There are more than 80 grape varieties grown in Portugal's Douro Valley and surrounding regions for use in the production of Port wine. Many are exclusive to Portugal, which makes Port wine from Portugal unique. It's so unique, in fact, that only Portuguese-made Port can carry the identifying term "Porto" on the label. Port takes its name from the Portuguese city of Oporto, situated where the Douro River enters the Atlantic Ocean. It's the second largest city in Portugal and well placed to receive and distribute wine and other products produced from Douro Valley harvests.
Port is recognized as a fortified red wine, but there are a number of varieties and one notable exception to this rule:
- Ruby Port - This young wine is aged, but only for about three years. It's one of the least expensive Ports on the market -- and one of the most popular.
- Vintage Port - On the other end of the spectrum, vintage Port is the highest quality Port available. It's created from a single year's blended harvest across a number of vineyards (or Quintas) and aged 20 years or more. It's often placed in oak casks for six months and then transferred to bottles.
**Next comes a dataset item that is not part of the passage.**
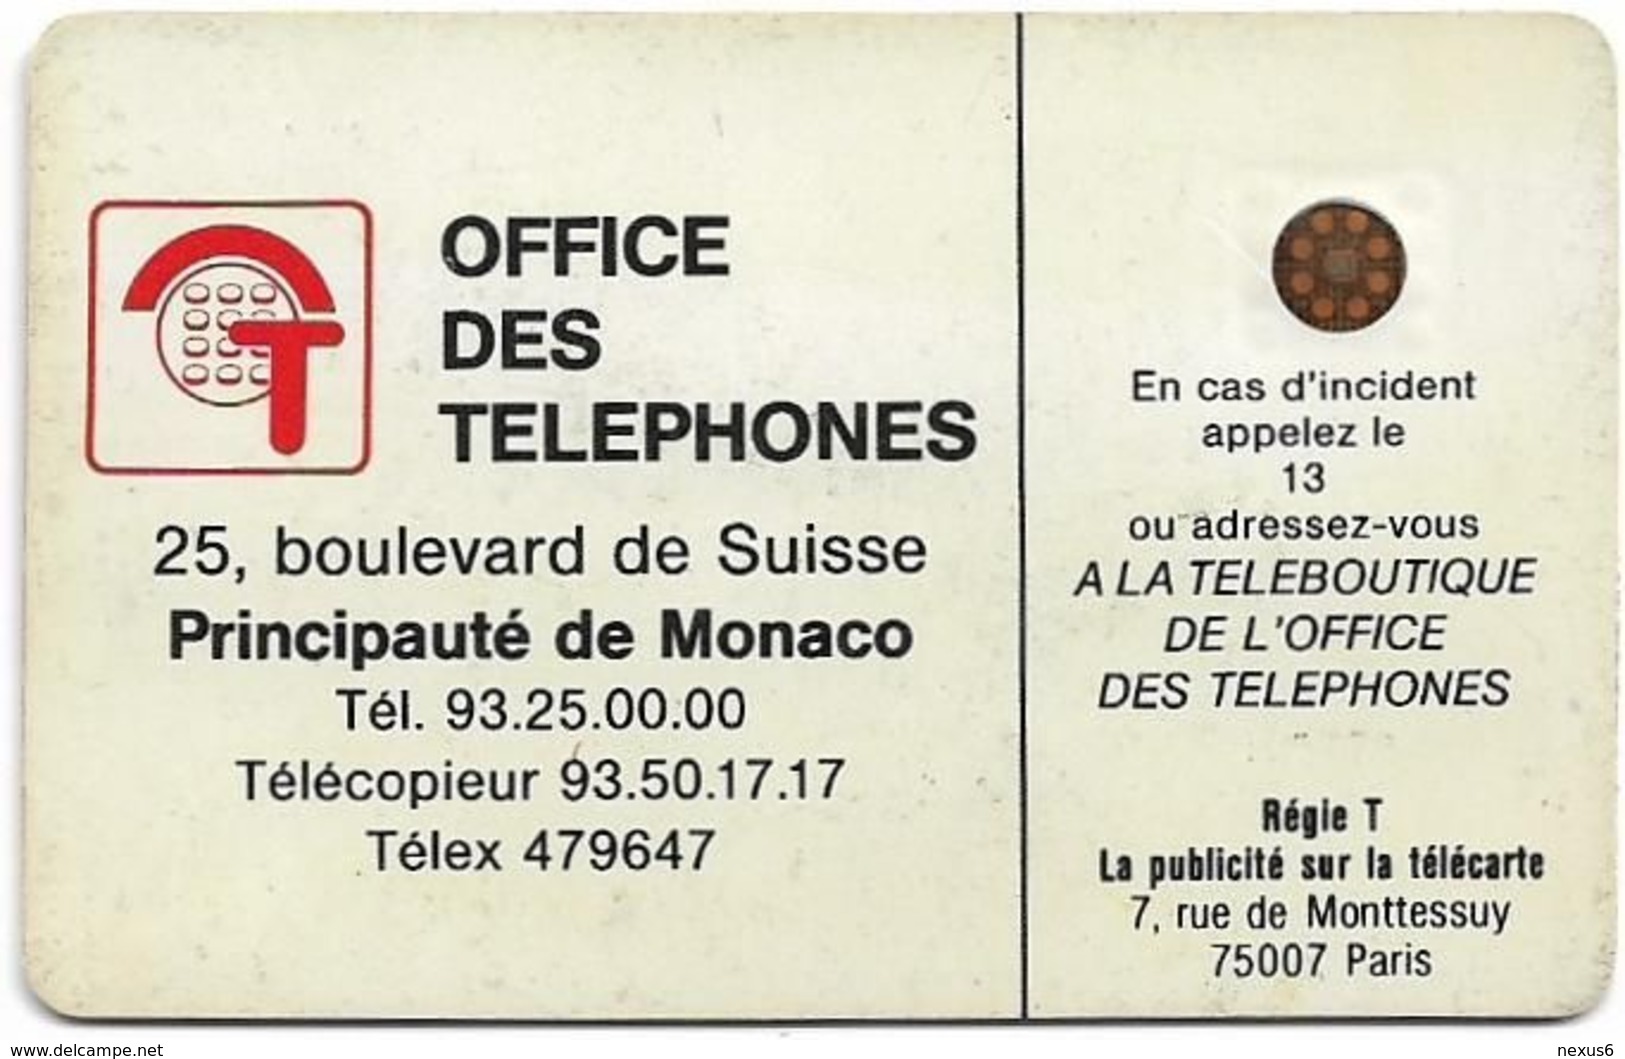 Monaco - MF1 - Rocher De Monaco - Cn. 106772 - 08.1989, SC4 GB, 50Units, 10.200ex, Used - Monaco

When a Vintage Port is produced by a single Quinta, it's called a Single Quinta Vintage Port.
- Late Bottled Vintage - Sometimes confused with vintage Port, a Late Bottled Vintage designation (LBV) means that a Port was made from grapes grown in a specific year, but the resulting wine was aged in oak for four to six years and then bottled and marketed.
- Vintage Character Port - This cross is a Port made from multiple vintages (blends from more than one year) but designed to taste like a single vintage variety.
- Tawny Port - Light or reddish brown in color, tawnies are aged in casks and gathered from multiple vintages. They get their lighter color from wood aging and tend to be among the sweetest Ports available. Some tawnies are aged for up to 40 years. A tawny Port produced from a single vintage is called a Colheita Port.
- White Port - Gold in color, white Port is made from white grapes, not red. It tends to be less sweet than a typical Port, too.
Most often served as a sweet dessert wine, Port is wonderful with chocolate and has often been paired with cheeses like stilton and cheddar. As a finish to a fine meal, Port is an elegant choice that works with the most decadent desserts, tart flavors like aged cheese, or all by itself.